Facebook, pas si narrow-data-minded que ça!

Dans le cadre du projet opencompute.org, dont l’objectif est de construire l’une des infrastructures informatiques les plus efficaces et rapides à un coût financier et énergétique le plus bas possible, Facebook a décidé d‘ouvrir ses centres de données aux développeurs web. « Oui et alors? » me direz vous. Alors, c’est tout de même une avancée incroyable pour cette entreprise qui a été de maintes fois accusée de faire exprès de rendre la demande d’accès aux données difficile en ignorant volontairement le délai légal qui lui impose de répondre à la demande des clients en moins de 40 jours.

Ainsi, pour faire taire les critiques, Facebook a adopté une approche open-source en offrant l’opportunité à des développeurs de voir et reproduire ses serveurs de leurs « data centers ». Selon un employé du réseau social, le but est de « développer des serveurs et des centres de données [qui contiennent des milliers de disques durs et ces serveurs informatiques empilés dans des chambres réfrigérées] en suivant le modèle traditionnellement associé à des projets de logiciels libres ». Ainsi, le groupe a décidé de « collaborer avec l’ensemble de l’industrie, pour partager ces technologies, alors qu’elles évoluent ». En partageant ces informations stratégiques, Facebook est persuadée qu’elle peut contribuer à améliorer les data centers partout dans le monde. « C’est une bonne chose pour Facebook, mais également pour les nouvelles entreprises qui doivent traiter un grand nombre de données » a déclaré Mark Zuckerberg, le PDG de Facebook. « Nous essayons de favoriser un écosystème dans lequel les développeurs peuvent mettre facilement sur pied des start-ups, et nous pensons que, en partageant ce savoir-faire, nous allons aider à rendre cet écosystème plus efficace et favoriser sa croissance » a-t-il ajouté.

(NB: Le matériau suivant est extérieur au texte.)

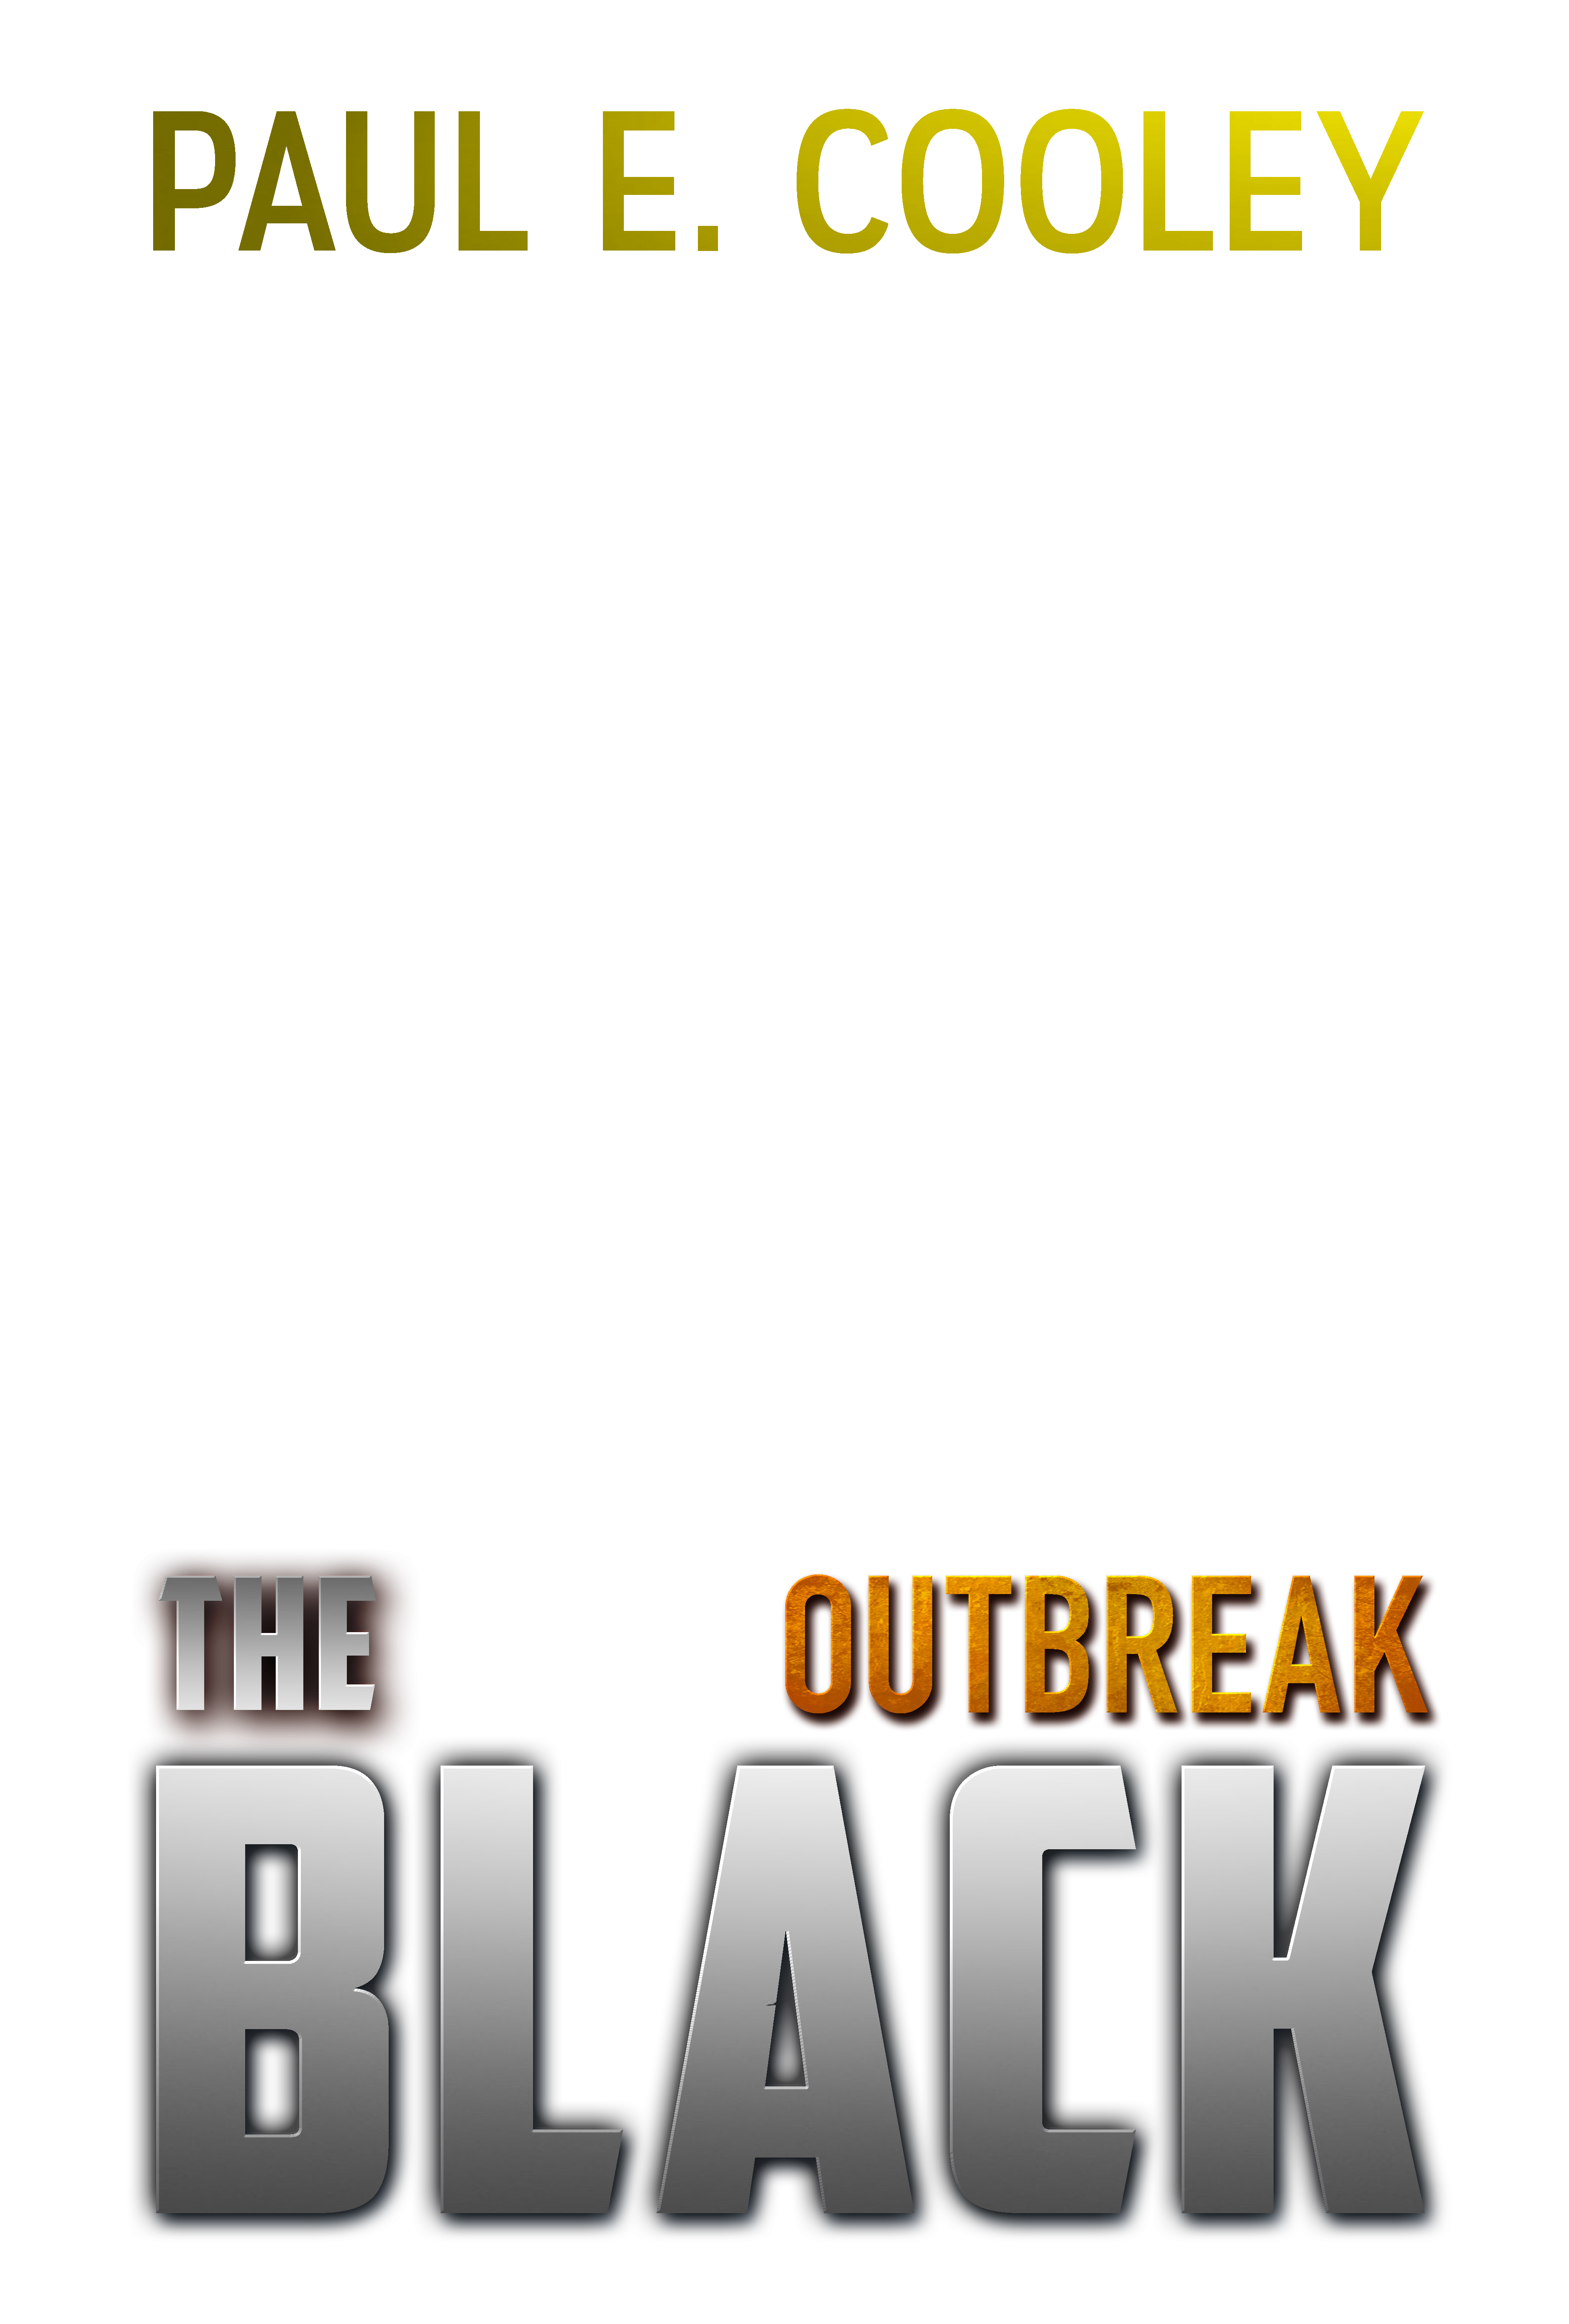 Front - The Black Outbreak - Cooley - Rev 02

En adoptant cette approche open-source en s’inspirant du logiciel libre (open hardware) pour inciter les intervenants extérieurs à contribuer au projet, la première étape « est de mettre à disposition les spécifications et les schémas techniques. La seconde étape est de travailler avec la communauté pour les améliorer. L’entreprise peut alors catalyser l’énergie et le savoir-faire d’un plus grand écosystème de programmeurs et d’ingénieurs toujours avec une visée d’encore plus de profit. Et oui, dans ce monde cupide, ça marche au donnant-donnant! Mais l’objectif d’Open Compute est aussi de rendre ces concepts disponibles à d’autres groupes informatiques, le projet impliquant notamment les fabricants d’ordinateurs Hewlett Packard et Dell ainsi que les fabricants de semi-conducteurs Intel et Advanced Micro Devices (AMD).

En s’engageant ainsi à s’ouvrir, Facebook s’engage dans une nouvelle compétition avec les données comme chevaux de guerre et les centres de données comme arène de compétition et montre qu’il compte avoir un poids prépondérant dans le domaine du matériel informatique. Selon Richard Fichera de l’institut Forrester, ce secteur « a longtemps été enveloppé de secret, avec des acteurs majeurs comme Google et Amazon, qui ne donnaient que des bribes d’informations sur leur infrastructure, considérant que cette information est sensible, face à la concurrence. Facebook a certainement inversé cette tendance ». Mieux encore, le projet Open Compute semble avoir tellement séduit les communautés gravitant autour du data center, du matériel au logiciel en passant par les fournisseurs et utilisateurs, que Facebook a décidé de structurer celui-ci autour d’une fondation, The Open Compute Project Foundation, permettant de diversifier la portée du projet et symbolisant l’évolution et le succès des data centers.

Google, pour seul exemple, qui gardait jusque-là jalousement ses technologies, est donc forcé de procéder de la même manière que Facebook en ouvrant non seulement ses logiciels et algorithmes de recherche, mais aussi ses serveurs et  centres de données pour lui aussi créer un large écosystème en suivant le modèle associé à des projets de logiciels libres.

Malgré la controverse encore actuelle concernant l’accès aux données privées, Facebook est bien un acteur de l’Open Source et fait avancer les choses. On peut au moins remercier l’entreprise sur ce point.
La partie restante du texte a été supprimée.